GENEVA (AP) -- Ailing automaker General Motors Corp. could slash up to 3,500 jobs at its German subsidiary Adam Opel GmbH as part of a restructuring plan, the company said Wednesday.
Spokesman Andreas Kroemer confirmed reports in a German newspaper, which cited GM Europe President Carl-Peter Forster saying Opel could make the job cuts to cut costs. "But that's exactly what we want to avoid," Forster told the Bild Zeitung.
Forster had told reporters in Geneva on Tuesday that GM Europe could be forced to close three factories as it seeks to achieve $1.2 billion (euro1 billion) in cost cuts through restructuring. He said they were considering other measures to protect the jobs, including salary cuts, voluntary resignations and other employee concessions.
GM Europe employs 50,000 workers, building cars in Germany, Belgium, Poland, Portugal, Spain and Britain.

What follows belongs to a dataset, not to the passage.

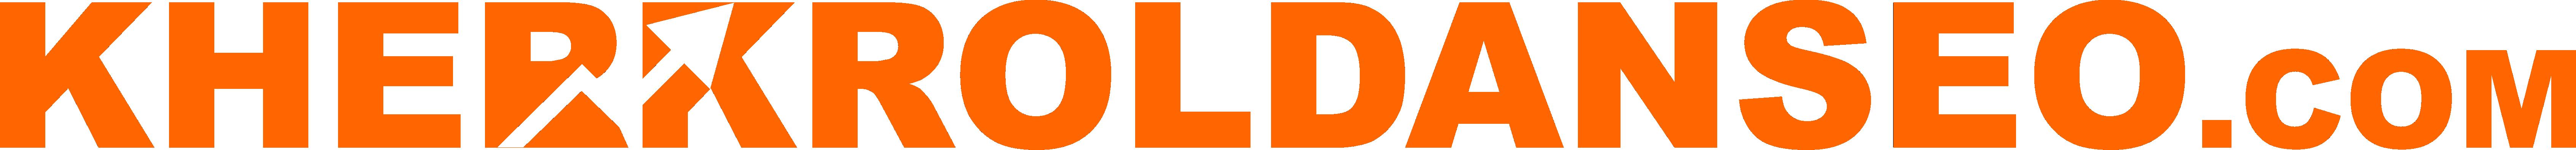 Kherk Roldan SEO logo
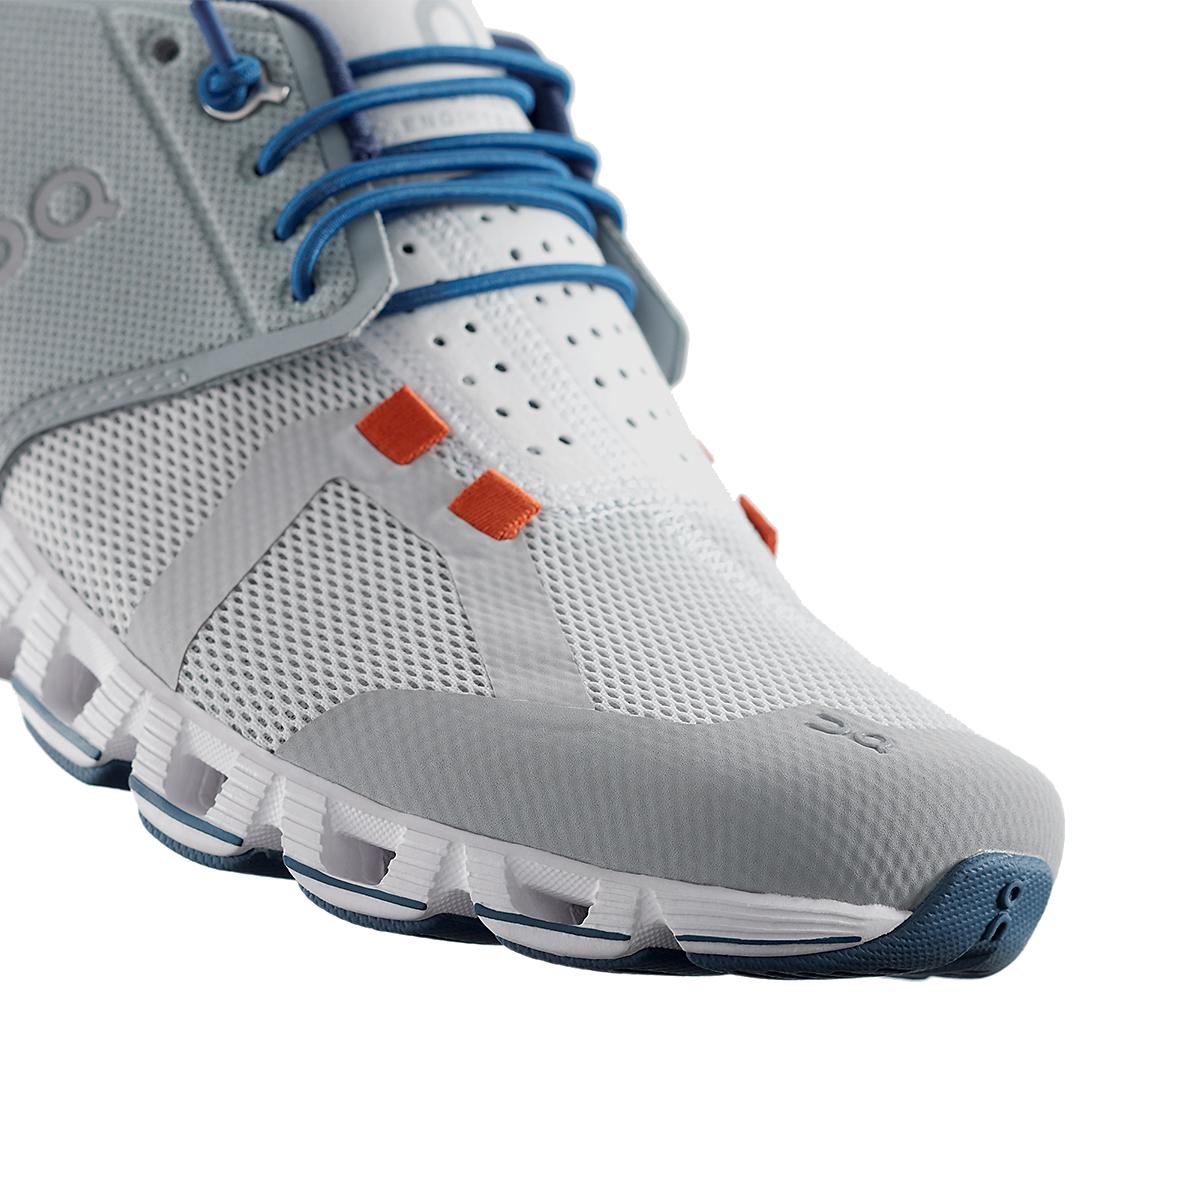 Women's On Cloud 70/30 Lifestyle Shoe - Color: Mist/Sapphire - Size: 5.5 - Width: Regular, Mist/Sapphire, large, image 3

GM would like to spin off Opel as a separate company as part of a plan to return to profitability by 2011. GM Europe is also seeking euro3.3 billion from Germany and other countries where it operates, saying it could face insolvency if it doesn't get the injection by the second quarter. Forster has confirmed talks with Britain and Spain, beyond the well-publicized discussions with the German government.
Opel is investing in new technologies in the hope of beating the global economic downturn by selling models such as the electric Ampera by 2011. The 4-door hatchback sedan was unveiled at the Geneva Auto Show on Tuesday.